The present invention generally relates to nozzles for forming and directing composite fluid sprays. More specifically, the present invention relates to nozzles for use in solid particle spray systems employing lubricants and dense fluids such as solid carbon dioxide.
Use of composite sprays for lubrication, cooling or both, is widely known in the art. Composite sprays are typically employed during machining processes requiring selective thermal control and/or lubrication during lathe machining, board cutting, wafer singulation or active electronic component thermal cycling. Composite sprays are also employed in high-speed metalworking and machining operations, such as turning, milling, facing, threading, boring and grooving, to extend insert life and provide for more precise machining.

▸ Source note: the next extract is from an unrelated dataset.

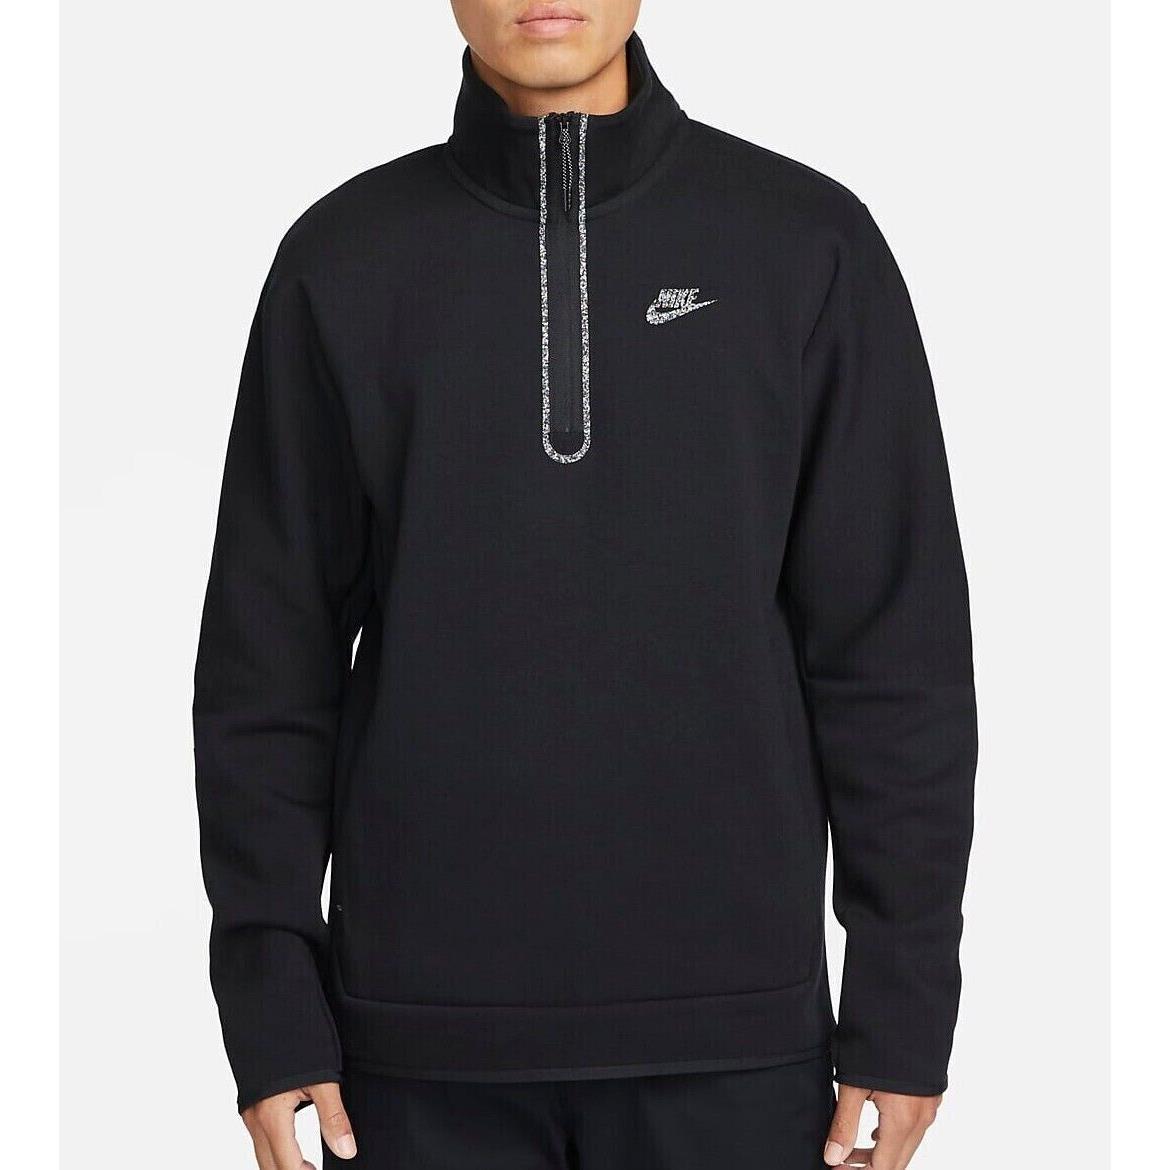 Nike Tech Fleece 1/2 Zip Pullover Top Sweatshirt Jacket DQ4314 Black Medium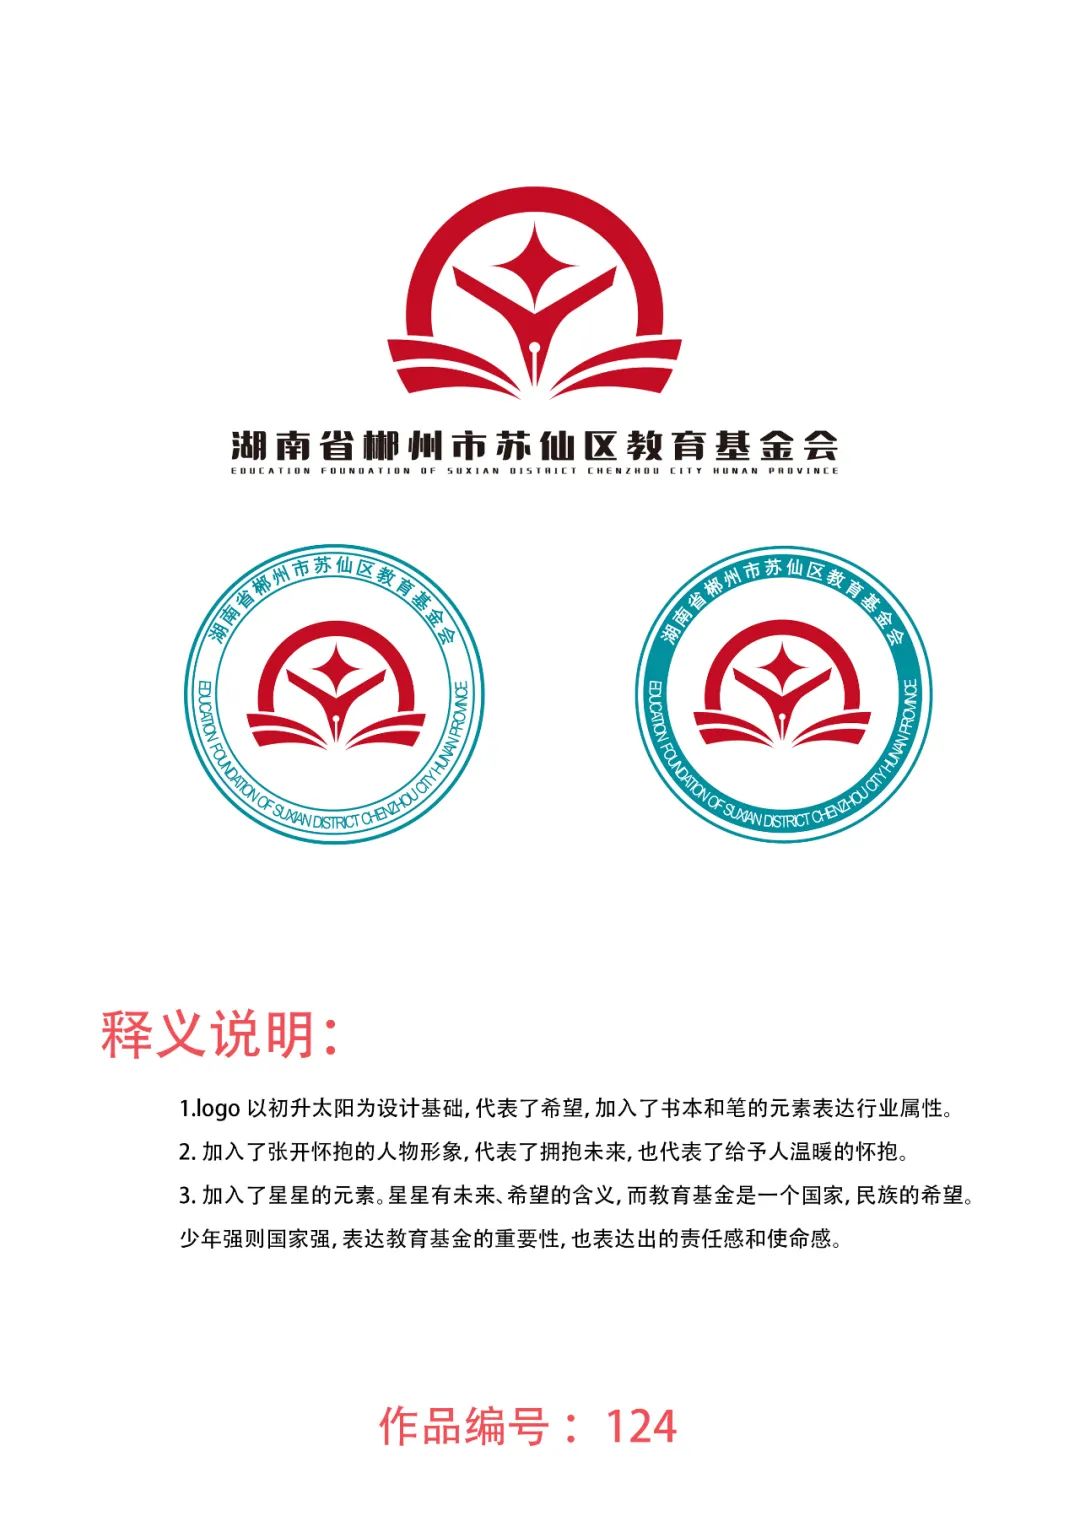 湖南省郴州市苏仙区教育基金会标志logo设计方案征集活动评选结果公布

There exist in the art several examples of nozzles which are employed to direct composite sprays onto substrates, work pieces, and the like, in manufacturing or industrial processes. Such examples include U.S. Pat. Nos. 3,985,302, 4,555,059, 4,195,780 and 5,725,154. Each of the aforementioned, however, have shortcomings in the application of composite sprays for lubricating and cooling purposes, more especially the application of cryogenic composite sprays for lubricating and cooling purposes.
Efficient and effective application of cryogenic composite sprays to machined substrates presents several challenges. When sufficiently high spray velocities are employed to provide enough energy to reach cutting zone surfaces, the majority of the spray tends to deflect from or stream around the cutting zone surfaces rather than impinge upon them. When low velocity sprays are employed, critical surfaces with recesses or complex surfaces cannot be penetrated effectively. Also, it is known that oil droplets, evenly finely atomized, tend to agglomerate into larger droplets during transition from spray nozzles to surfaces. This phenomenon interferes with the even distribution of coolants and lubricants on machined surfaces and causes a large portion of the atomized spray to miss the substrate entirely if positioned at a location too far away from the substrate being machined, wasting a portion of the applied spray. More importantly, though, cryogenic composite sprays comprising a lubricating component, such as an oil, and a cooling component, such as liquid/solid carbon dioxide, tend to be the most problematic in applying because the temperatures necessary to employ the coolant cause the lubricant to either solidify, gel or make non-atomizable. This problem is exacerbated when mixing of the cryogenic composite spray occurs within the nozzle, resulting in inconsistent spray patterns and/or the nozzle becoming clogged with agglomerated lubricant or cleaning agent.